Hello.
tgriep wrote:Can you post an example of how a typical client is setup?
What commands and scripts is it running and how it is ran?
We use
collectd for collecting all for us interesting metrics. In collectd we use
treshold plugin for metrics evaluation. If is watching metrics OK or worng, collectd sent to Nagios via NSCA this status in 10 seconds interval. In fact, we watching on each server different count of metrics like CPU load, disk space, network status, ...

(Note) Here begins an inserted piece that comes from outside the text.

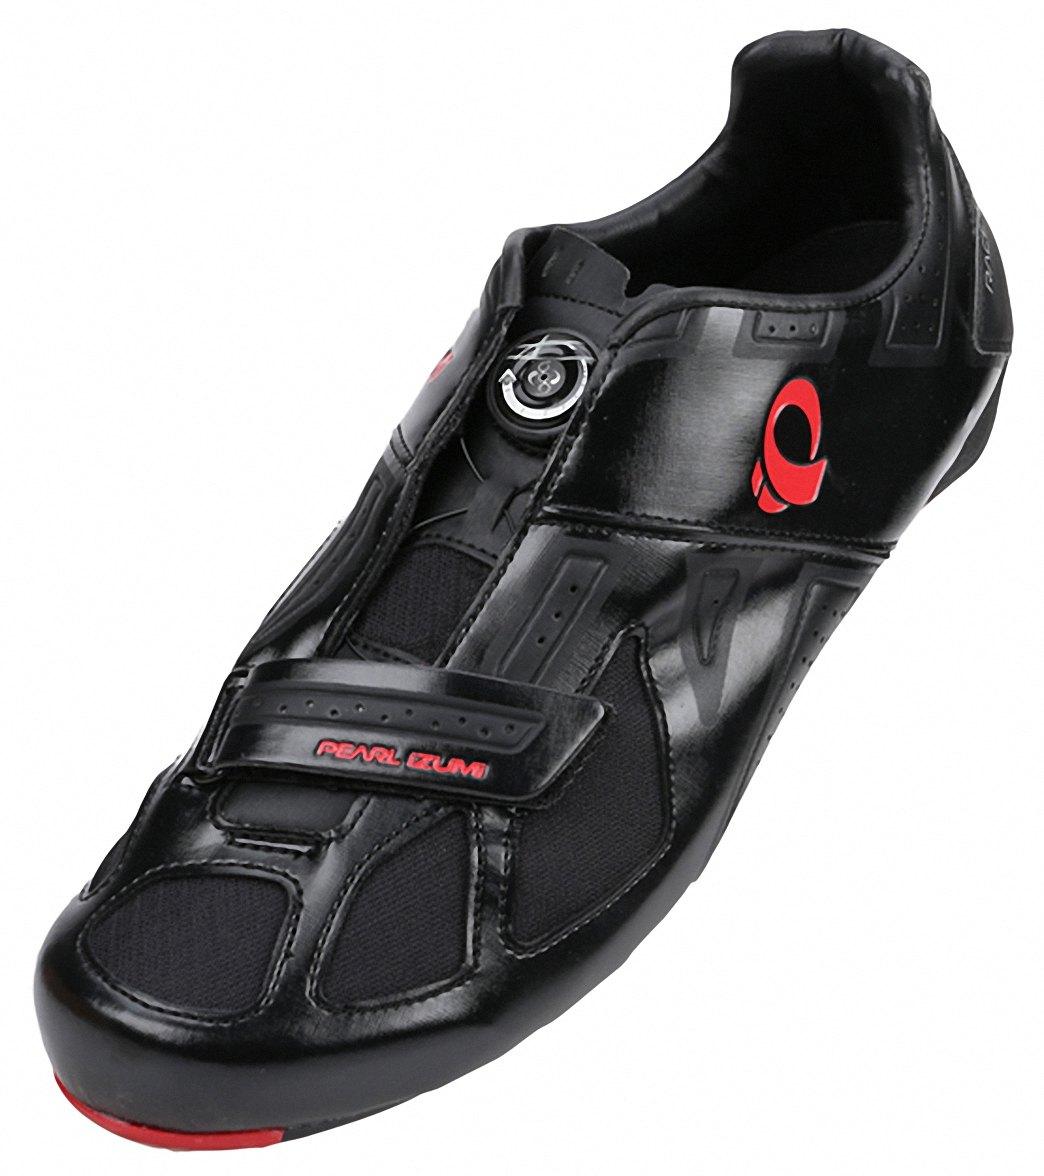 Pearl Izumi Quest Mtb Shoes Size

Collectd call Perl NSCA plugin to parse his output format to NSCA input format and sending to Nagios server.
collectd-tresholds.conf
Code: Select all
LoadPlugin "threshold"
<Plugin "threshold">
<Plugin "processes">
Instance "all"
<Type "ps_count">
DataSource "processes"
FailureMin 1
Invert false
Persist true
PersistOK true
</Type>
</Plugin>
<Plugin "load">
<Type "load">
DataSource "longterm"
WarningMin 5
FailureMin 7
Invert true
Persist true
PersistOK true
</Type>
</Plugin>
<Plugin "df">
Instance "root"
<Type "percent_bytes">
Instance "used"
DataSource "value"
WarningMin 75
FailureMin 90
Invert true
Persist true
PersistOK true
</Type>
</Plugin>
</Plugin>
nagios_nsca.conf
Code: Select all
<LoadPlugin perl>
Globals true
</LoadPlugin>
<Plugin perl>
IncludeDir "/srv/utils/perl"
BaseName "Collectd::Plugins"
LoadPlugin nagios_passive
<Plugin nagios_passive>
debug 0
debugDump 0
</Plugin>
</Plugin>
If you wish, i can share this Perl plugin, but i think, that interesting line is:
Code: Select all
system("echo '$passiv' | send_nsca -H NSCA-IP -p NSCA-PORT -c SENT-NSCA-CONFIG");
On the NSCA server (Nagios) edit the nsca.cfg file and enable debugging by changing this from
So, turn debug mode on.
When i filtered all default messages by command
Code: Select all
grep -v -e "End of connection" -e "Handling the connection" -e "Attempting to write" -e "Time difference" -e "SERVICE CHECK" -e "HOST CHECK" /var/log/messages
I see many suppressed messages

.
Code: Select all
Apr 16 10:00:31 localhost nsca[1772]: Starting up daemon
Apr 16 10:00:31 localhost systemd: Started NSCA for uk cluster.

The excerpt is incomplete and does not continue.